A year of column memories

“Mark, as you get older, time goes by faster,” are the words my mother once told me.

As this is my final column for 2024, I decided to write a recap of the topics we explored.

“A Silent Cinema Journey” – Jan. 4.

Exploring the silent film era in the 1920s.

“Louise Brooks: A Silent Starlit Journey” – Jan. 12.

A biography of silent film star Louise Brooks – my favorite flapper!

“GUI: The Computer Game Changer” – Jan. 19.

A look at the evolution and impact of the graphical user interface (GUI).

“Xerox versus Apple: ‘Star’ Wars” – Jan. 26.

Discusses the 1989 lawsuit where Xerox sued Apple for allegedly copying elements of its GUI.

“Untethered: Embracing the Wireless Life” – Feb. 9.

Tracing the shift from wired to wireless technology.

“‘Zero-G and I Feel Fine’” – Feb. 16.

Recounted John Glenn’s historic orbit of the Earth in 1962.

“From Bell Labs: A ‘Telephone with Eyes’” – Feb. 23.

Bell Labs’ role in early television technology in the 1920s.

“Spider: A Lunar Rehearsal in Earth Orbit” – March 1.

The Apollo 9 mission in 1969, and the rendezvous and docking of the lunar module in Earth’s orbit.

“An AI-Quantum Paradigm Shift is Underway” – March 8.

Examining the convergence of artificial intelligence (AI) and quantum computing.

“Telediagraph: Sending, Receiving Images via Telegraph” – March 15.

The story of Ernest A. Hummel and his invention of the telediagraph.

“Sketchpad’s ‘Whirlwind’ Graphical Interaction” – March 22.

Reviewed the Whirlwind I computer and its impact on computer graphics.

“Protecting the US During the Cold War” – March 28.

Reviewed the US Semi-Automatic Ground Environment (SAGE) air defense system and the Duluth SAGE Direction Center.

“Text-to-Video: OpenAI’s Sora” – April 5.

A look at Sora, a text-to-video AI model developed by OpenAI.

“The Personal Computer Stepping Stone” – April 12.

Shared the story of the Sol-20 computer, a pioneering personal computer developed in 1976.

“The Space Shuttle Enterprise” – April 19.

Recounted the development and testing of the space shuttle Enterprise.

“Sipping Coffee and Reminiscing” – April 26.

Review of the Apollo Guidance Computer and my purchase of a Hewlett-Packard OmniBook 4000CT notebook computer in 1995.

“Blast into the Past: Dr. Sbaitso” – May 3.

I revisited Dr. Sbaitso, a virtual therapist program from 1991 that I used on a personal computer.

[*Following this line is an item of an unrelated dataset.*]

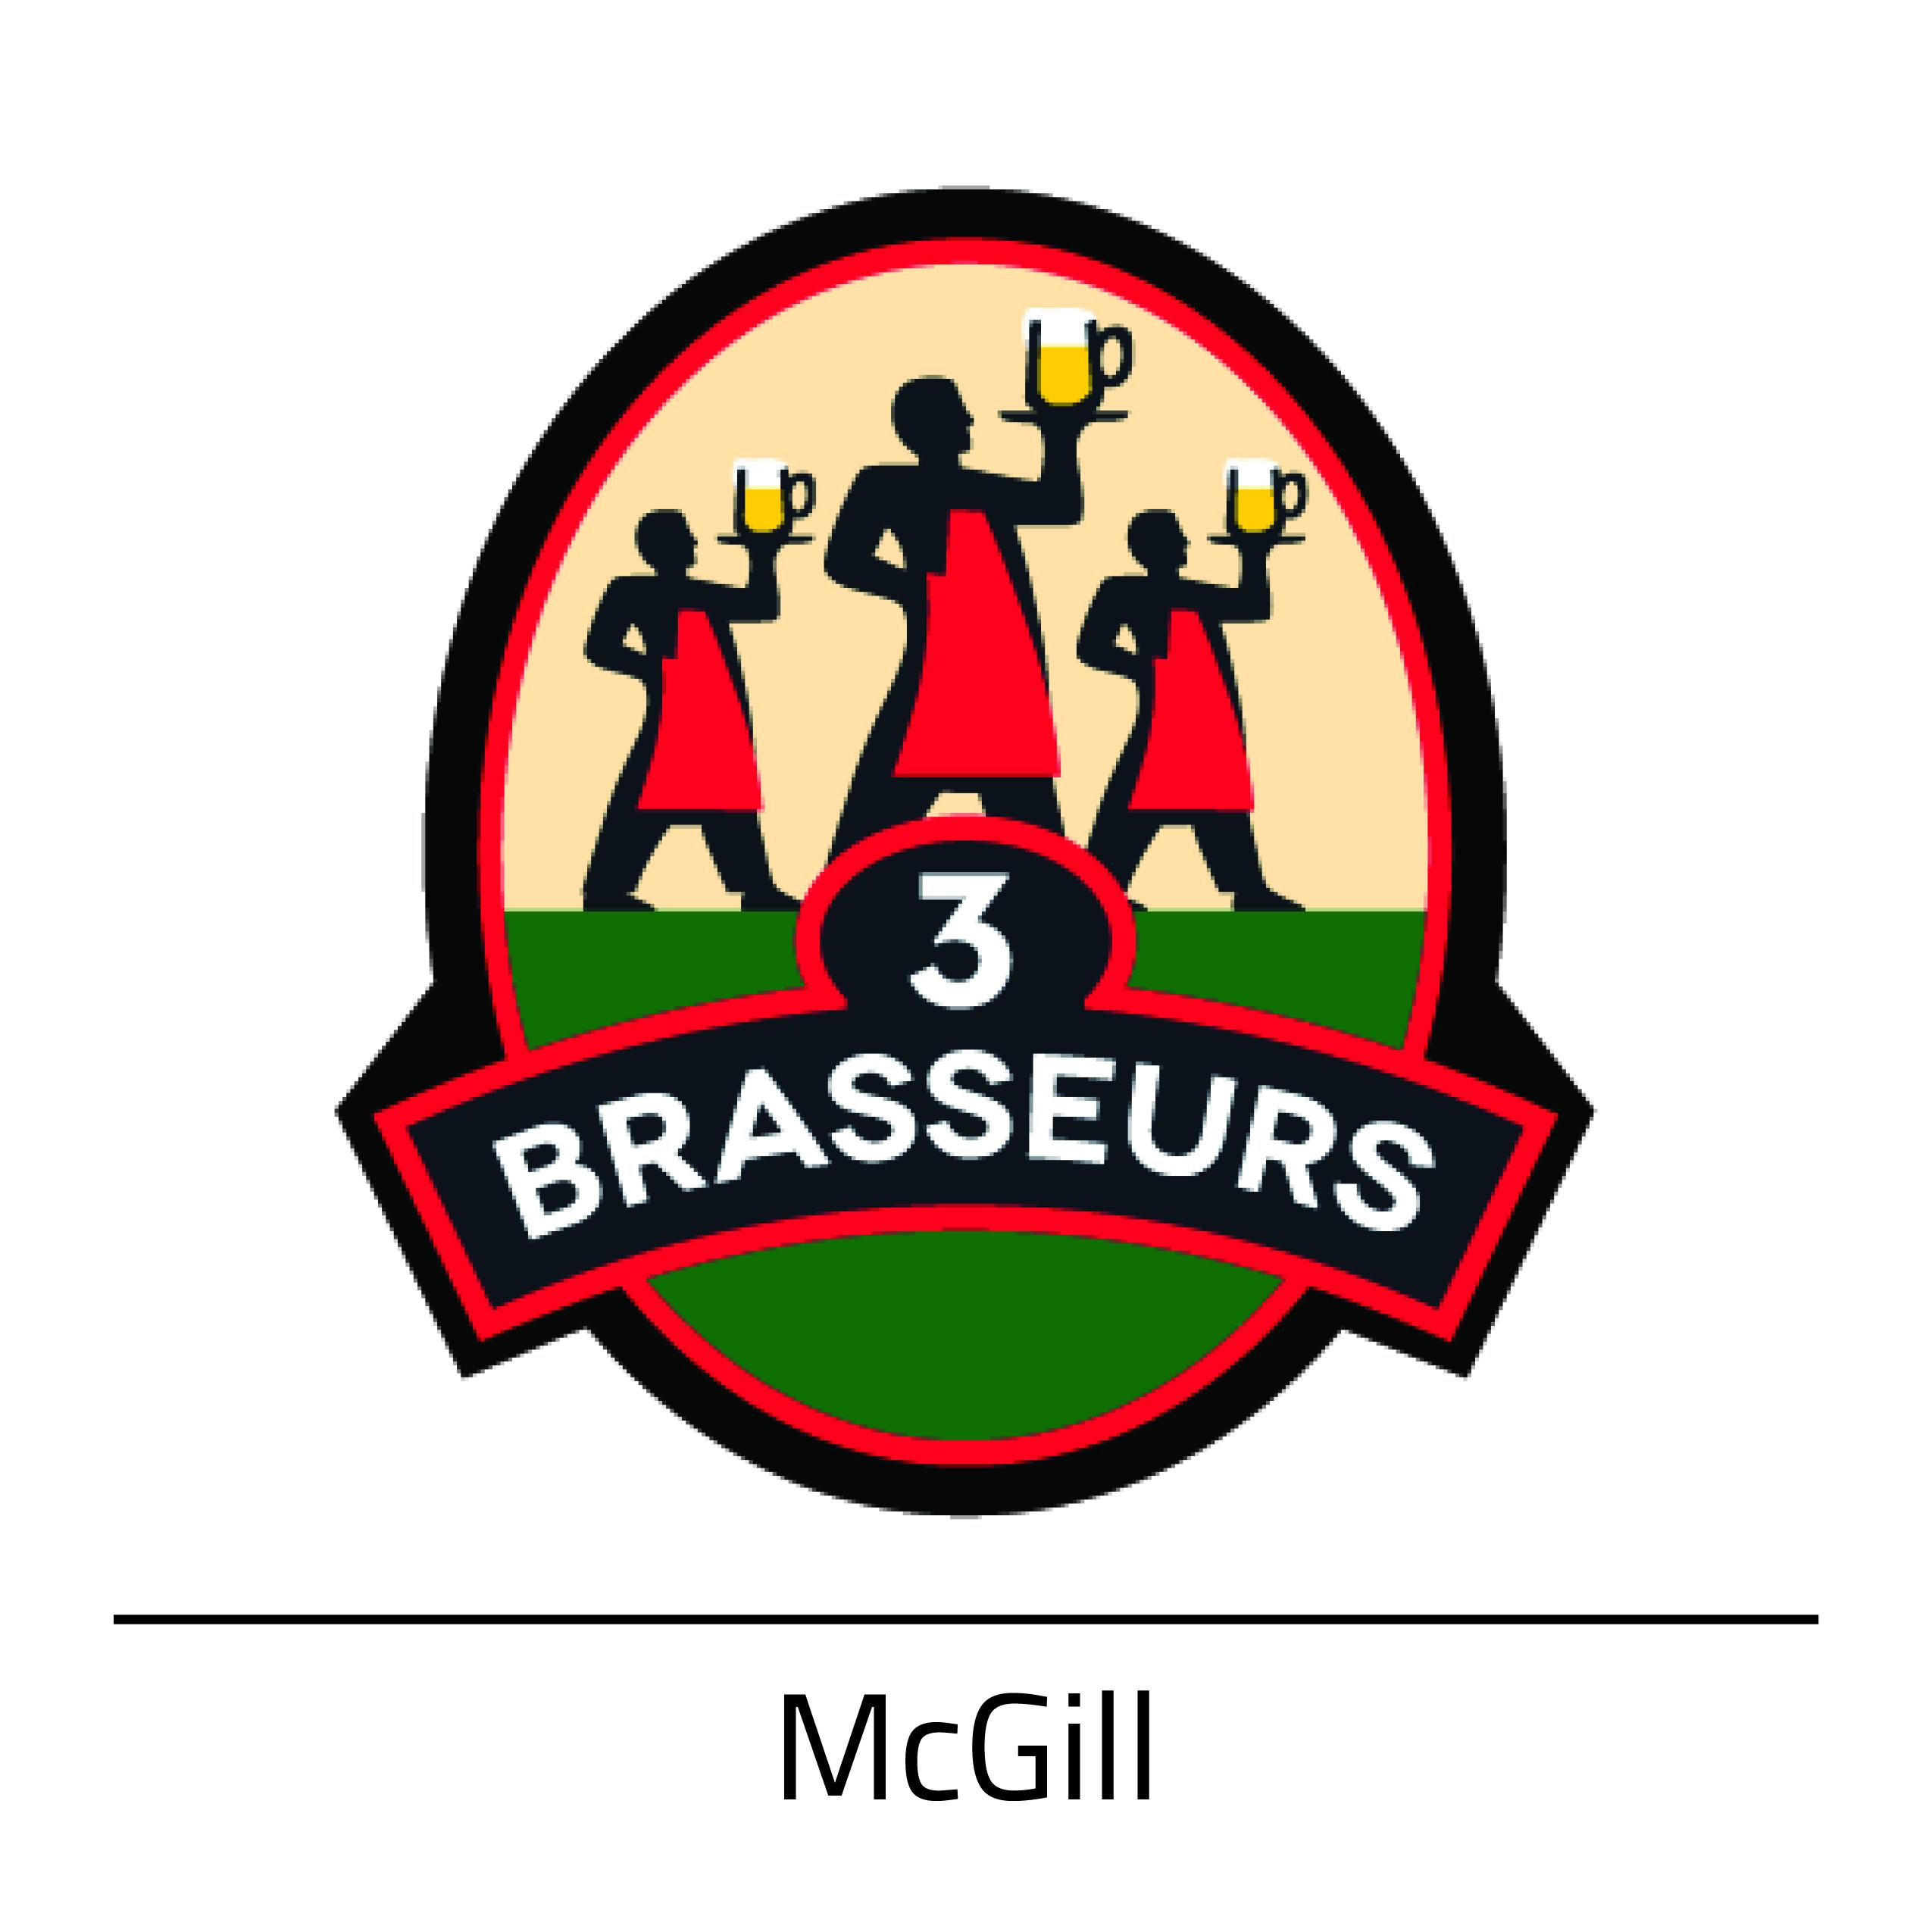 3 Brasseurs McGill

“The IBM 1410 Computer” – May 10.

Provided an overview of the IBM 1410 computer, a second-generation computer introduced in 1960.

“Minnesota’s Role as the Computing Heartland” –May 17.

Looked back at the history of computing in Minnesota.

“The Saturday Morning Emergency Broadcast” –May 24.

Recounted the nationwide accidental triggering of the Emergency Broadcast System (EBS) in 1971.

“NORAD: Guardians of North America” – May 31.

Detailed the history of the North American Aerospace Defense Command (NORAD).

“Alexander Bain, the Clockmaker Who Electrified Time” – June 7.

The story of Alexander Bain, a Scottish inventor who developed the electric clock in 1840.

“A Collaborative Telegraph Network” – June 13.

My column on the development of the telegraph in the 19th century.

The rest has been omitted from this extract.